Ready to go. The cut cardboard.

Folding the cardboard is easy with the part through cuts along the fold lines.

Before assembling the box, push the laser pen (abotu £1.50 on eBay) through the pen holder holes. The inner one has the cuts 'backward' so ensure you push it through in the right direction. Having a star cut allows for some 'wriggle' to get the laser nicely aligned.

One side folded. The tabs slot through then bend to lock in place. It is quite robust. I've made some slight adjustments to the design shown here to make it easier to insert the tabs(rounded corners etc.)

A 10 ml syringe fits nicely. If you want to use a needle, this can just pierce the cardboard directly. The design includes a hole for the tapered tip.

In action. The peg is keeping the laser pen on and there is a scrap of cardboard rolled up to hold it in the right place (just off the bottom of the photo).

Please do not look in this end. This was viewed with the camera, not my eye. There are windows both sides for aligning the drop and the laser. I will repeat

DO NOT LOOK INTO THE LASER WITH YOUR REMAINING EYE.

And here is a picture - sludge from the bottom of the garden water butt. There is some diffraction, but movement of the particles can be clearly seen.

This will happily project onto a wall or large piece of card. Remember to not look into the laser.

Acknowledgements: All cutting was carried out at the Dundee Makerspace.

It's the little things that grind you down.

I am a big fan of rubrics. They help to structure the assessments and direct the activity towards the learning outcome to be assessed. We, as are many Higher Education Institutes, are big users of TurnItIn, the online assessment workbench. This has embedded rubrics and a suite of rubric management tools. We use rubrics to ensure clear marking and assessment guidelines, and consistency between different markers.

Unfortunately the rubric management tools are not the most user friendly, and many of my colleagues (and I) prefer to use a spreadsheet to edit and update out rubrics. Doing this online through the Rubric Manager is tedious and often frustrating when it times out and loses all your work.

TurnItIn has spreadsheet upload facilities but not download.

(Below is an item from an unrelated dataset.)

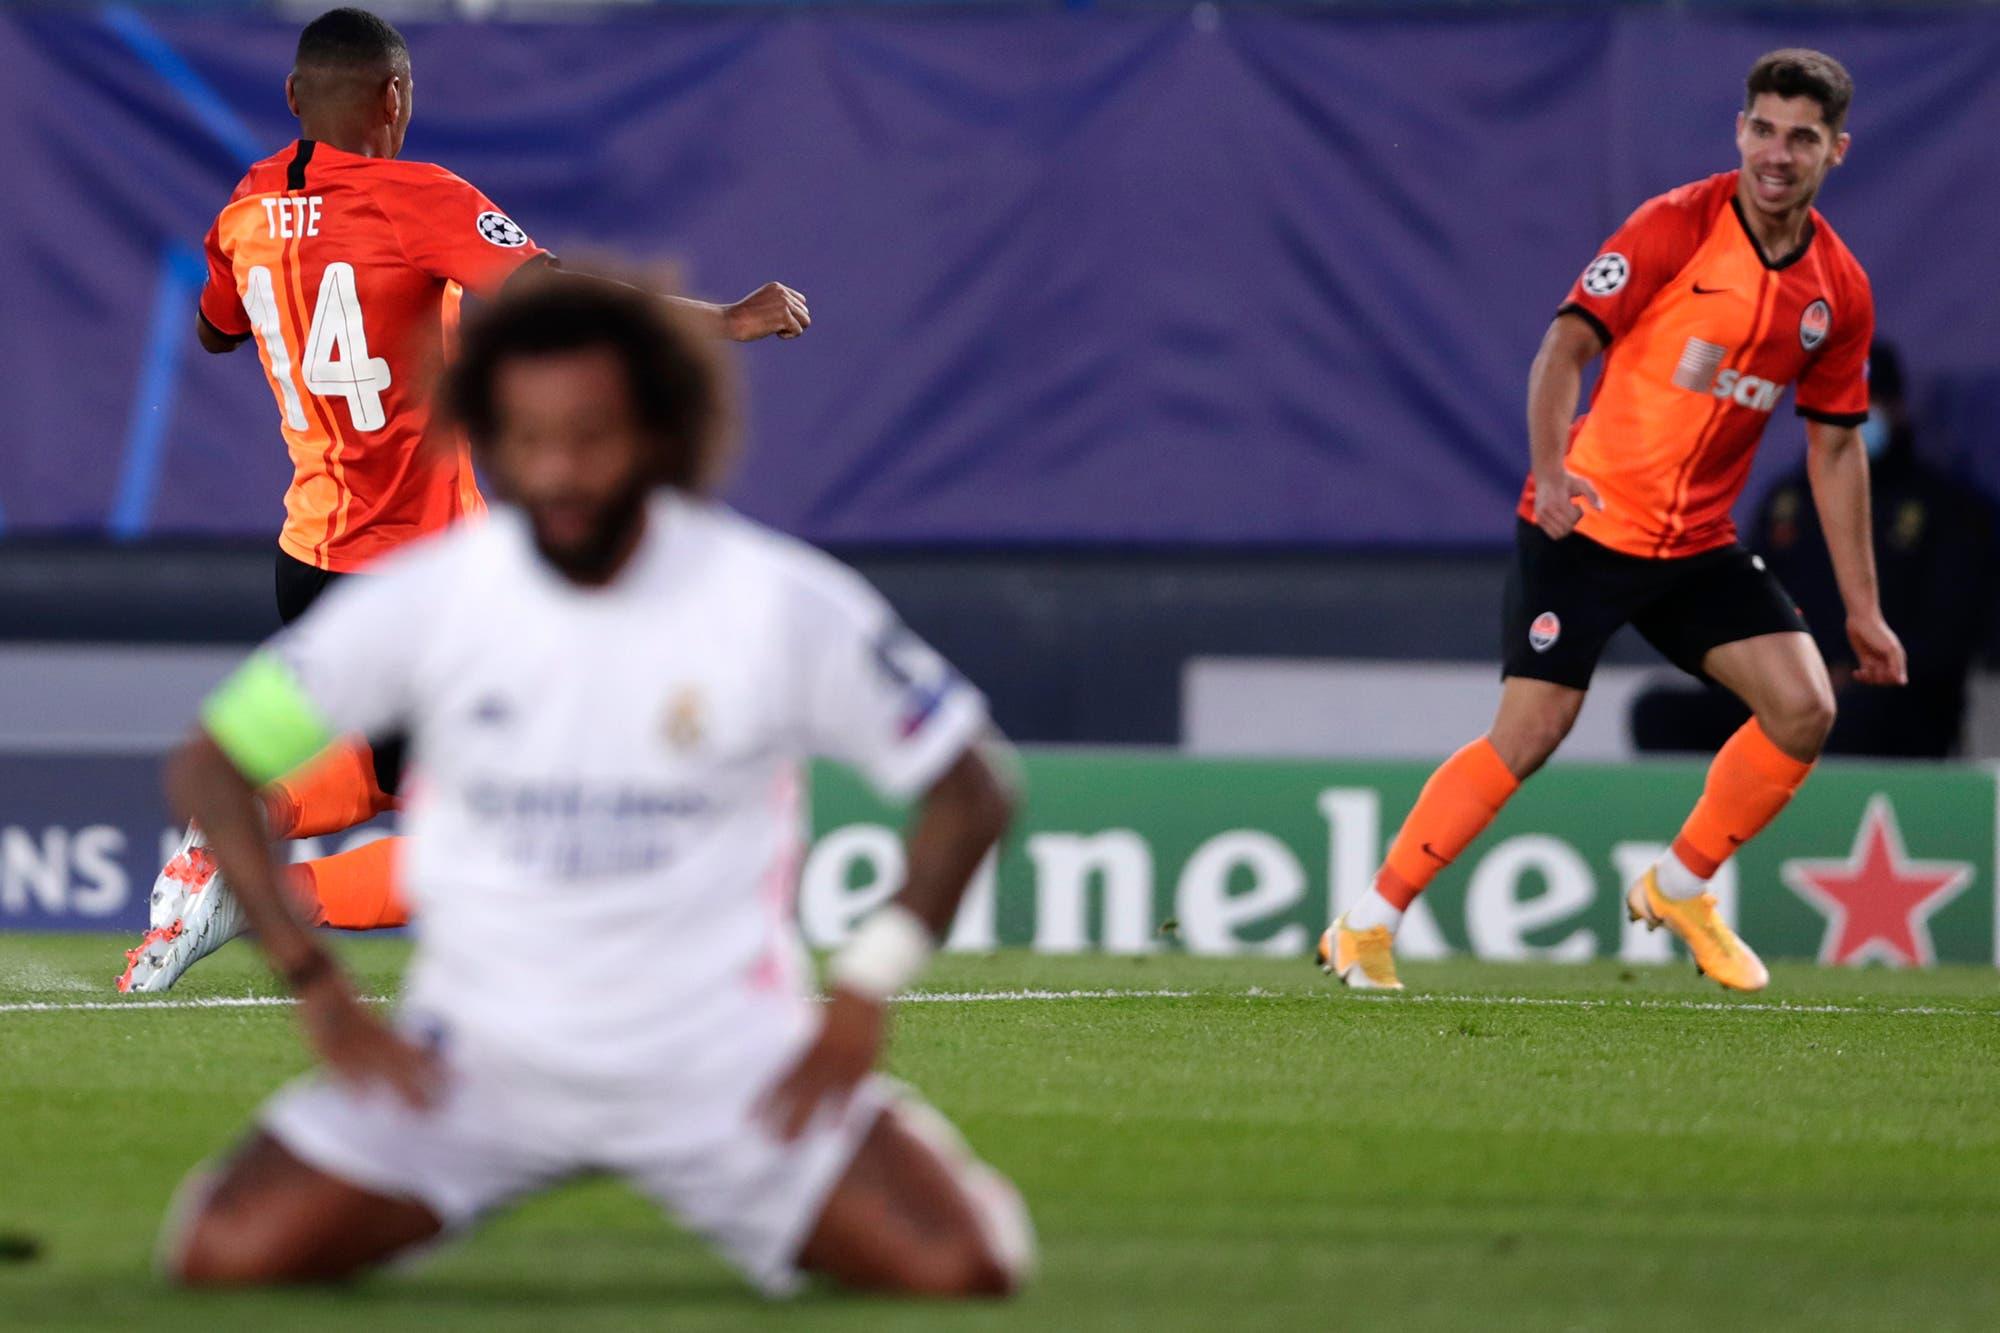 Real Madrid-Shakhtar: histórica derrota del Merengue en la Champions League frente a un rival con solo 13 profesionales

The export from the rubric manager is in a JSON-like format and not particularly accessible for the lay person to amend.

I have a need to edit and share rubrics so I have put together a simple Python script that converts the .rbc file that you export from TurnItIn to a .csv that can be viewed/edited in Excel. Please note that this is not quite the format that is used for spreadsheet uploading, but amending the spreadsheet to the required format is quite straightforward.

The script is a Jupyter notebook (runnable on any of our uni computers through the Jupyter notebook app) and can be found here. Sufficient instructions are included. edit: We have noticed some issues with the TK library on some computers where the code hangs.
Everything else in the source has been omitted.